Segment Open

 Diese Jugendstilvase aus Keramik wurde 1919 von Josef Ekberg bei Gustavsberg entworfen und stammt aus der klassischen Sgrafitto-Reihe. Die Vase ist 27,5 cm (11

Segment Closed
Segment Open

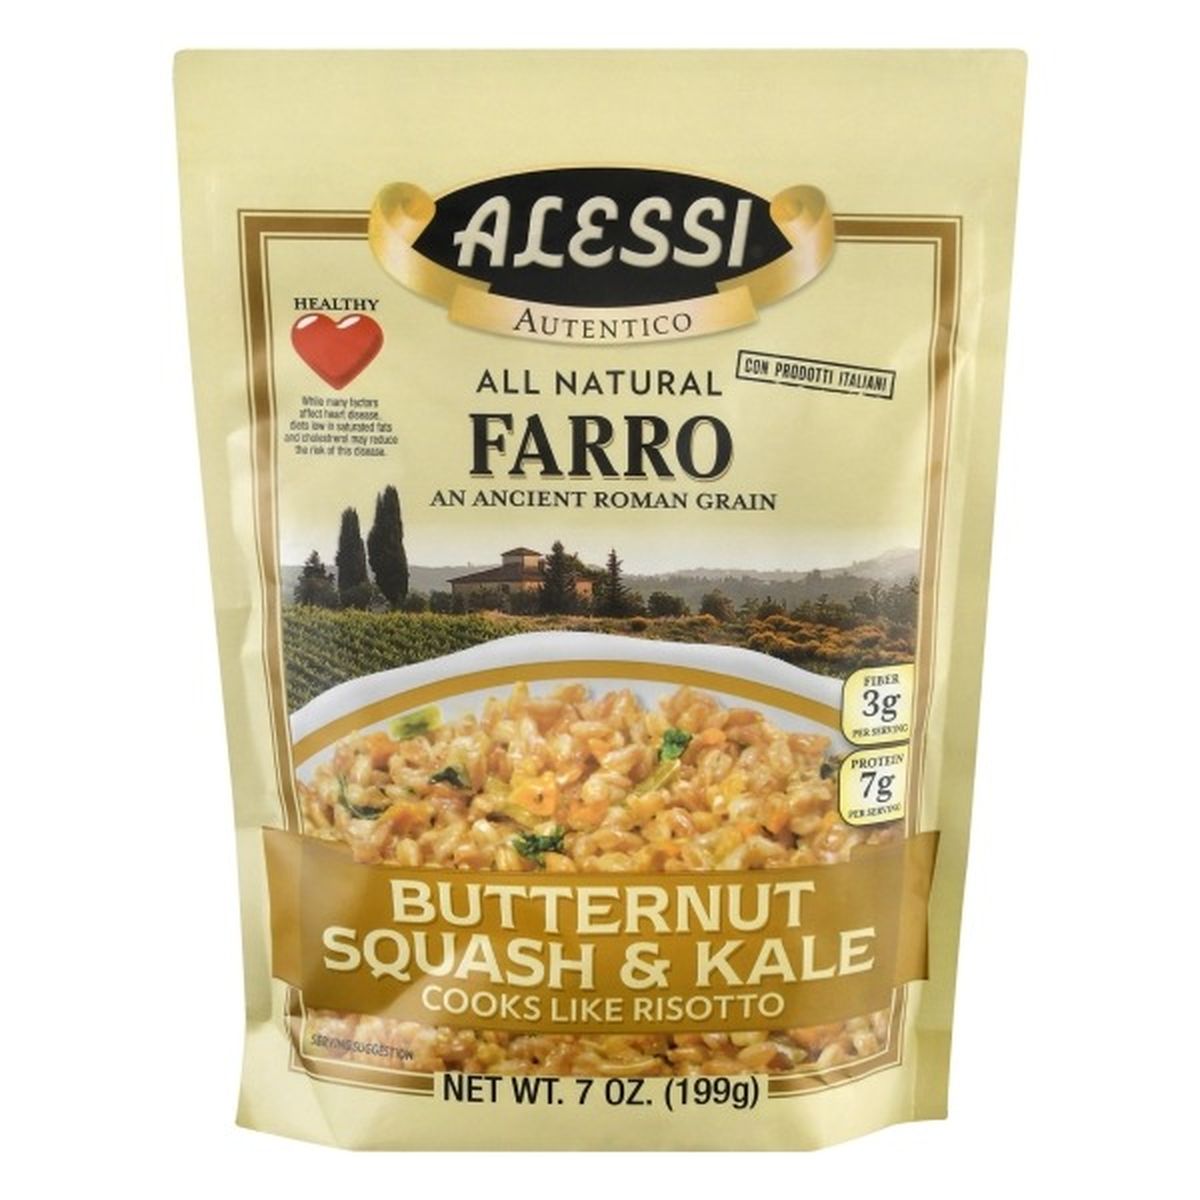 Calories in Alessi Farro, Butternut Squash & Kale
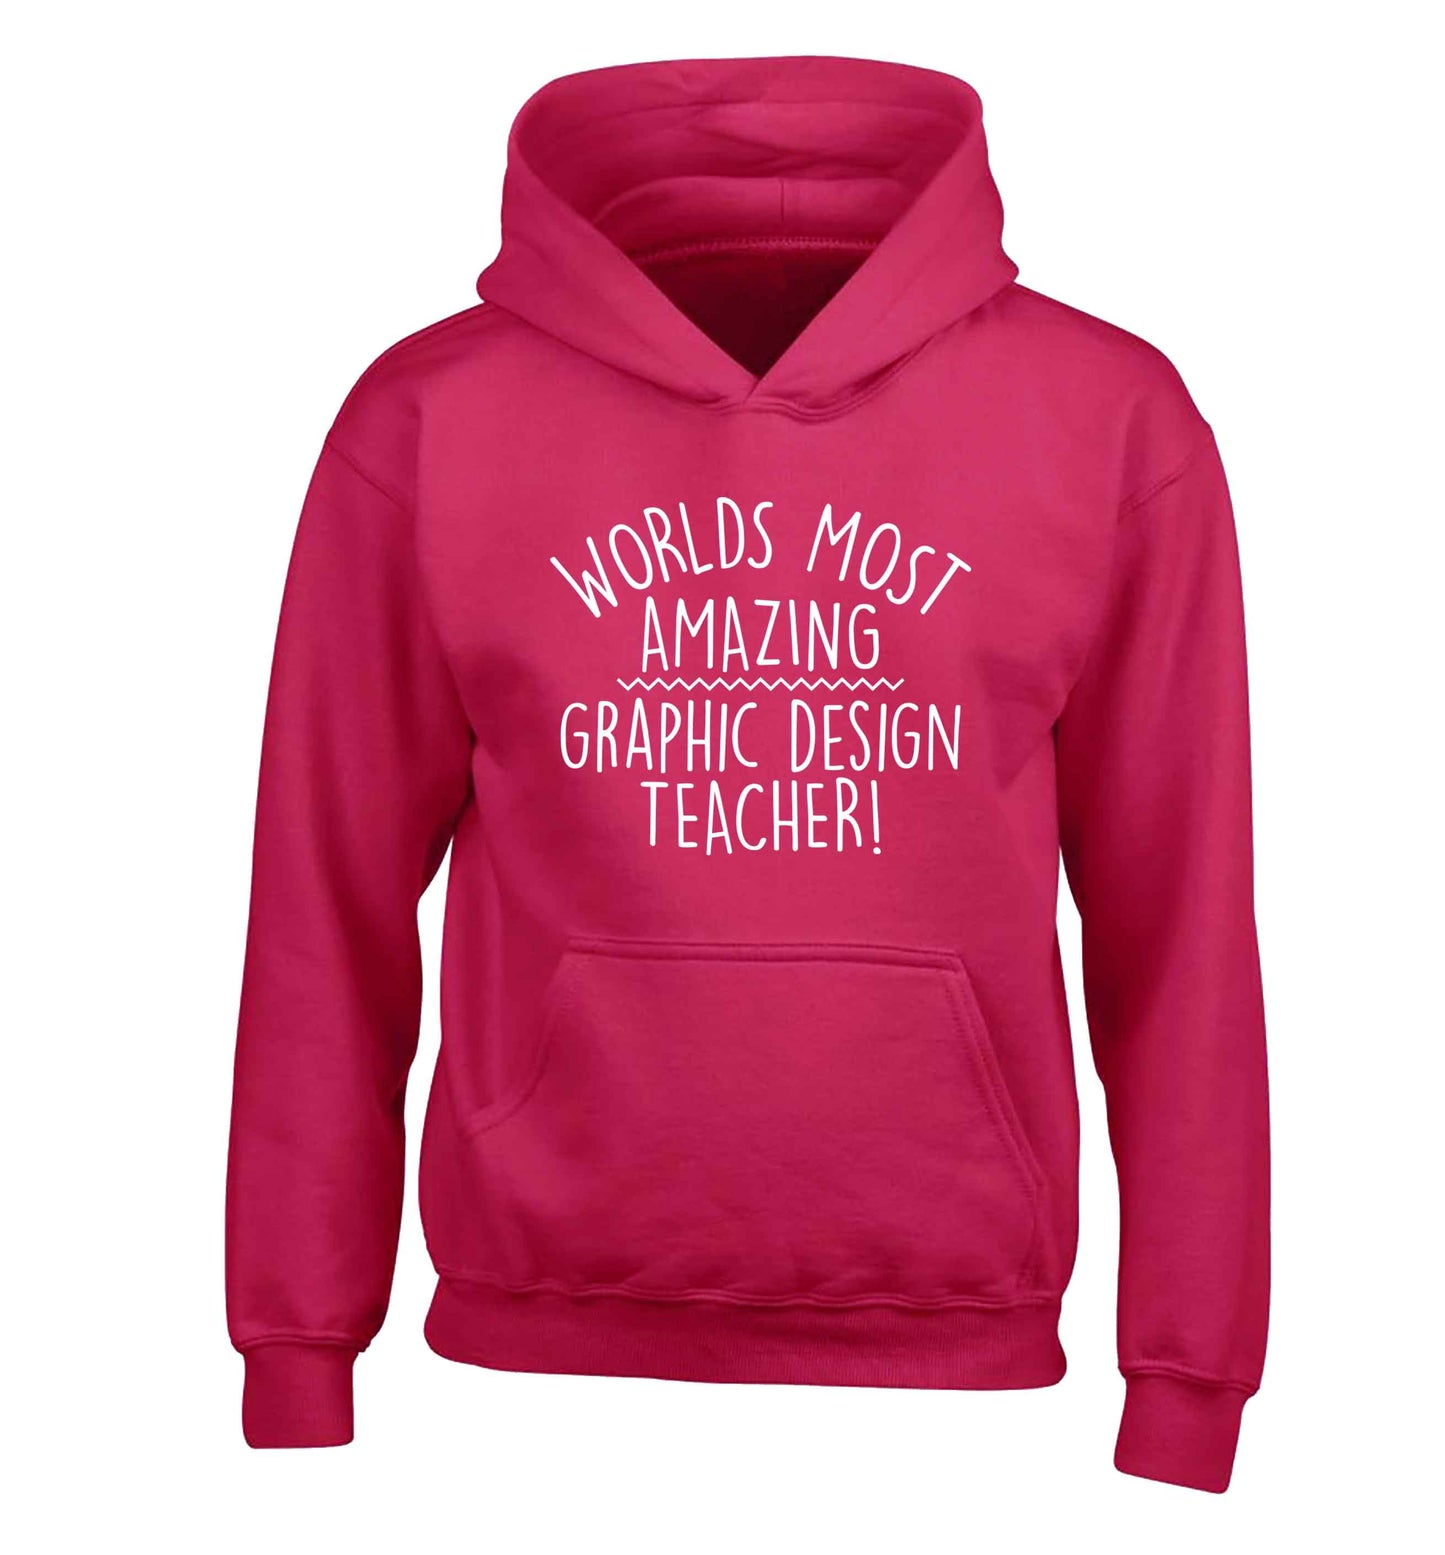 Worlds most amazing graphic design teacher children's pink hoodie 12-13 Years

Segment Closed
Segment Open

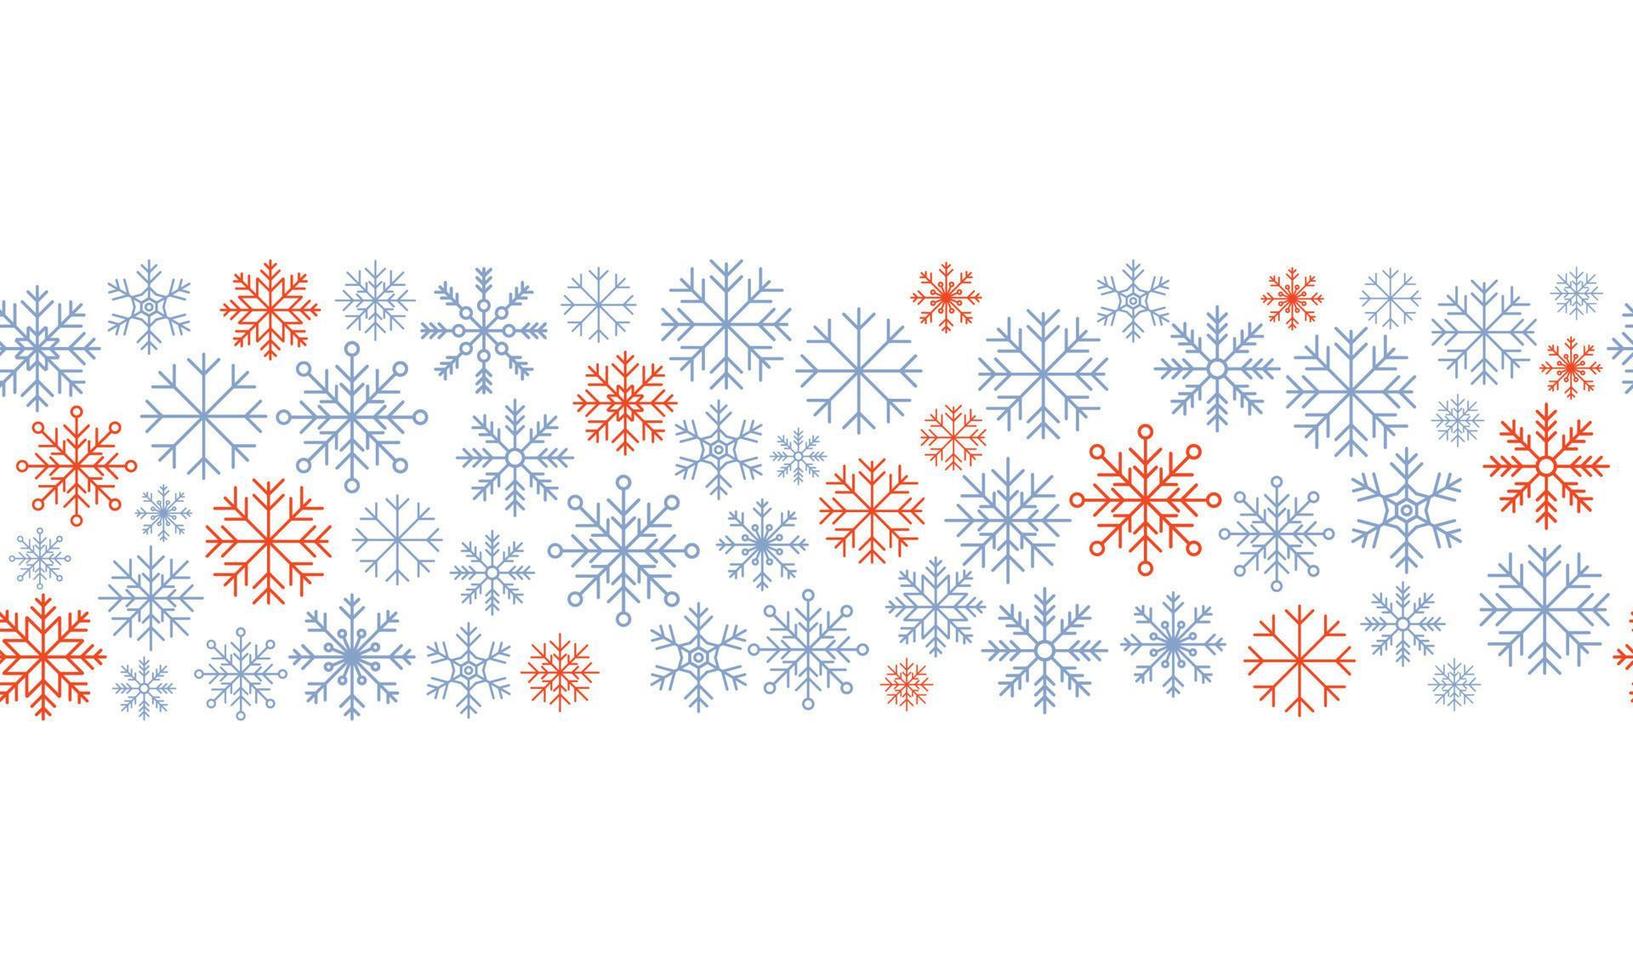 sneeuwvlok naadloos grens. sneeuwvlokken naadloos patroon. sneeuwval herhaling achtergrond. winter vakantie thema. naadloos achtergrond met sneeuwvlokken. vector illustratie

Segment Closed

**Brief:**
Only the lines starting at the one with "Calories in Alessi" and ending at the one with "Worlds most amazing" should be printed, each exactly as it appears in the material above; the pictures are to be omitted.

**Exercise solution:**
 Calories in Alessi Farro, Butternut Squash & Kale
 Worlds most amazing graphic design teacher children's pink hoodie 12-13 Years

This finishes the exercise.